For reference, the assembly code that the JITter produced is below, from this you can see that there is no sqrt
instruction as we’d expect there to be. So in effect we are timing an empty loop!
; 91: var watch = new Stopwatch();
000000a6 lea rcx,[5D3EBA90h]
000000ad call 000000005F6722F0
000000b2 mov r12,rax
000000b5 mov rcx,r12
000000b8 call 000000005D284EF0
; 92: watch.Start();
000000bd mov rcx,r12
000000c0 call 000000005D284E60
; 93: for (int i = 0; i < iterations; i++)
000000c5 mov r13d,dword ptr [rbp+58h]
000000c9 test r13d,r13d
000000cc jle 00000000000000D7
000000ce xor eax,eax
000000d0 inc eax
000000d2 cmp eax,r13d
000000d5 jl 00000000000000D0
; 97: }
; 98: watch.Stop();
000000d7 mov rcx,r12
000000da call 000000005D32CBD0
; 99: Console.WriteLine(description + " (ProfileDirect)");
Note: To be able to get the optimised version of the assembly code that JITter produces, see this MSDN page. If you just debug the code normally in Visual Studio, you only get the un-optimised code, which doesn’t help at all.
Dead-code elimination
One of the main problems with writing benchmarks is that you are often fighting against the just-in-time (JIT) compiler, which is trying to optimise the code as much as it can. One of the many things is does, is to remove code that it thinks is not needed, or to be more specific, code it thinks has no side-effects. This is non-trivial to do, there’s some really tricky edge-cases to worry about, aside from the more obvious problem of knowing which code causes side-effects and which doesn’t. But this is exactly what is happening in the original profiling code.
Aside: For a full list of all the optimisations that the .NET JIT Compiler performs, see this very thorough SO answer.
So let’s fix the original code, by storing the result of Math.Sqrt
in a variable:
private static double result;
static void ProfileDirect(string description, int iterations)
{
GC.Collect();
GC.WaitForPendingFinalizers();
GC.Collect();
Math.Sqrt(123.456);
var watch = new Stopwatch();
watch.Start();
for (int i = 0; i < iterations; i++)
{
result = Math.Sqrt(123.456);
}
watch.Stop();
Console.WriteLine("ProfileDirect - " + description);
Console.WriteLine(
"{0:0.00} ms ({1:N0} ticks) (over {2:N0} iterations), {3:N0} ops/milliseconds",
watch.ElapsedMilliseconds, watch.ElapsedTicks,
iterations, (double)iterations / watch.ElapsedMilliseconds);
}
Note: result
has to be a class-level field, it can’t be local to the method, i.e. double result = Math.Sqrt(123.456)
. This is because the JITter is clever enough to figure out that the local field isn’t accessed outside of the method and optimise it away, again you are always fighting against the JITter.
So now the results look like this, which is a bit more sane!
ProfileDirectWithStore - 68.00 ms (180,801 ticks) (over 10,000,000 iterations), 147,059 ops/millisecond
Loop-unrolling
One other thing you have to look out for is whether or not the time spent running the loop is dominating the code you want to profile. In this case Math.Sqrt()
ends up as a few assembly instructions, so less time is spent executing that, compared to the instructions needed to make for (..)
loop happen.
To fix this we can unroll the loop, so that we execute Math.Sqrt(..)

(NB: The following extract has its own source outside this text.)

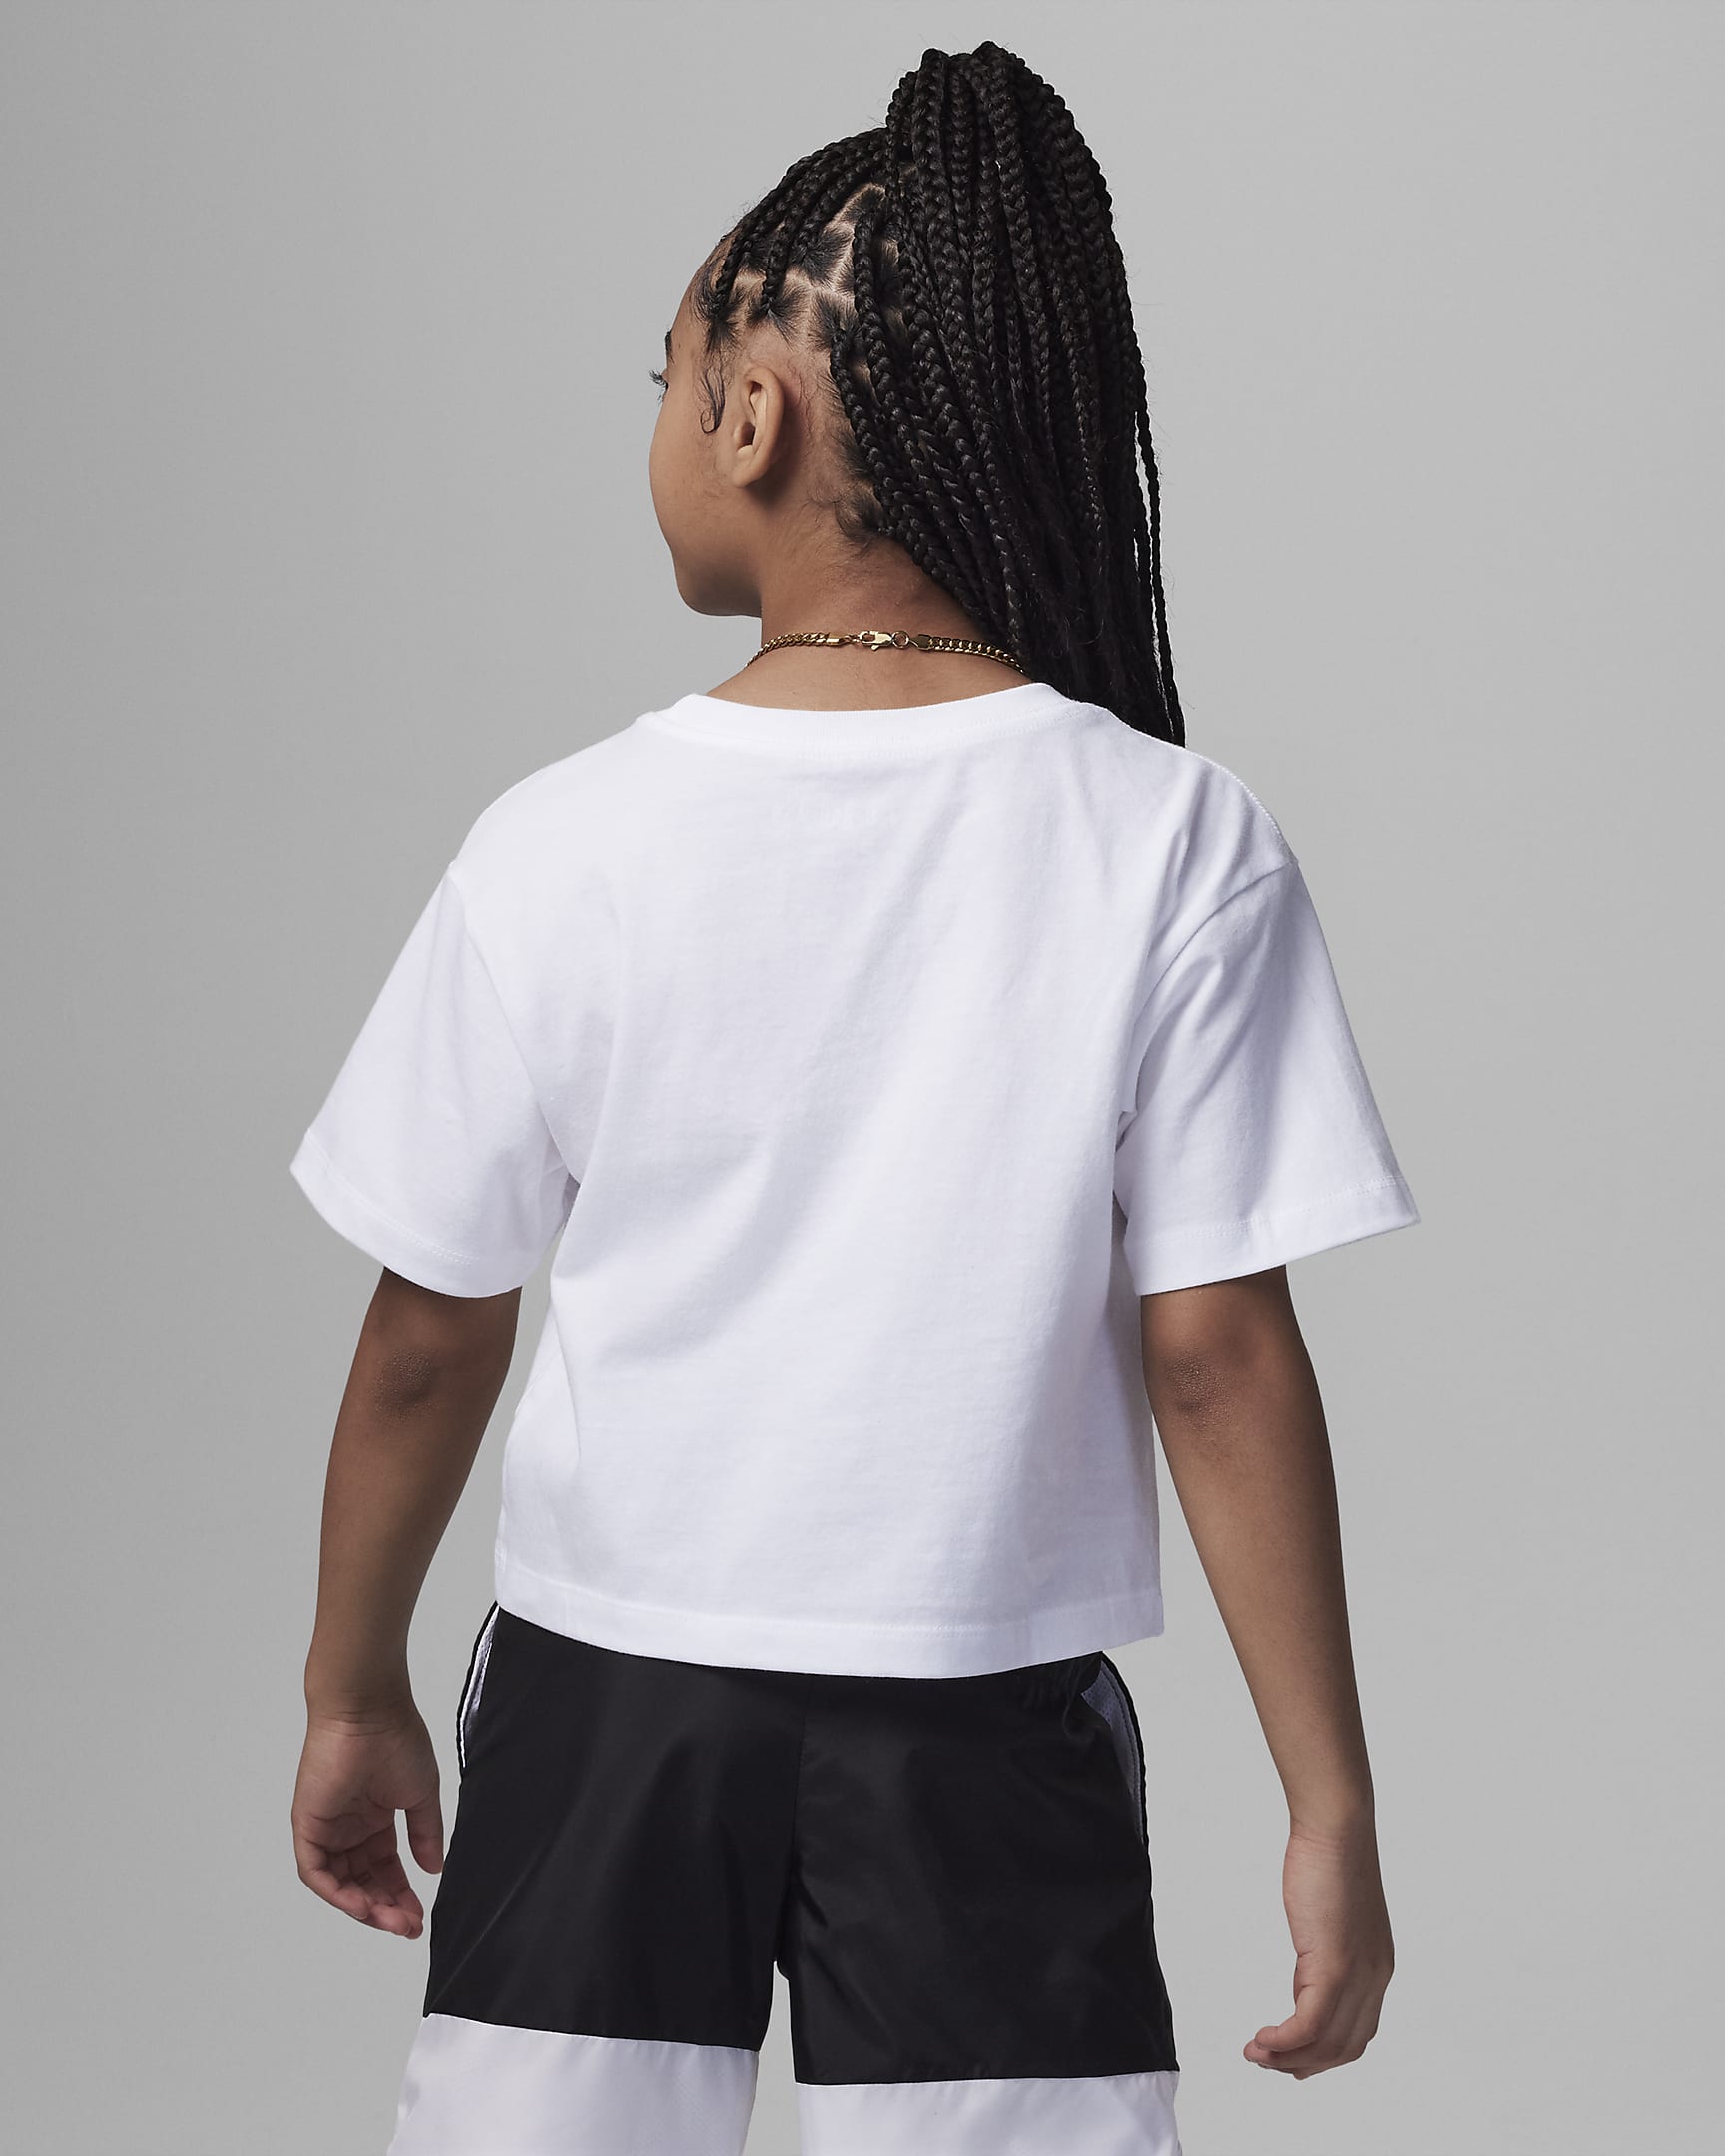 Jordan 23 Air Waves Tee Little Kids' T-Shirt. Nike.com

multiple times per loop, but to compensate we run the loop less times. The code now looks like this:
static void ProfileDirectWithStoreUnrolledx10(string description, int iterations)
{
GC.Collect();
GC.WaitForPendingFinalizers();
GC.Collect();
var temp = Math.Sqrt(123.456);
var watch = new Stopwatch();
watch.Start();
var loops = iterations / 10;
for (int i = 0; i < loops; i++)
{
result = Math.Sqrt(123.456);
result = Math.Sqrt(123.456);
result = Math.Sqrt(123.456);
result = Math.Sqrt(123.456);
result = Math.Sqrt(123.456);
result = Math.Sqrt(123.456);
result = Math.Sqrt(123.456);
result = Math.Sqrt(123.456);
result = Math.Sqrt(123.456);
result = Math.Sqrt(123.456);
}
watch.Stop();
Console.WriteLine("ProfileDirectWithStoreUnrolled x10 - " + description);
Console.WriteLine(
"{0:0.00} ms ({1:N0} ticks) (over {2:N0} iterations), {3:N0} ops/milliseconds",
watch.ElapsedMilliseconds, watch.ElapsedTicks, iterations,
(double)iterations / watch.ElapsedMilliseconds);
}
And now the result is:
ProfileDirectWithStoreUnrolled x10 - 47.00 ms (124,582 ticks) (over 10,000,000 iterations), 212,766 ops/millisecond
So we are now doing 212,766 ops/millisecond, compared to 147,059 when we didn’t unroll the loop. I did some further tests to see if unrolling the loop 20 or 40 times made any further difference and if did continue to get slightly faster, but the change was not significant.
Results
These results were produced by running the code in RELEASE mode and launching the application from outside Visual Studio, also the .exe’s were explicitly compiled in x86/x64 mode and optimisations were turned on. To ensure I didn’t mess up, I included some diagnostic code in the application, that prints out a message in red if anything is setup wrong. Finally these tests were run with .NET 4.5, so the results will be different under other versions, the JIT compilers have brought in more and more optimisations over time.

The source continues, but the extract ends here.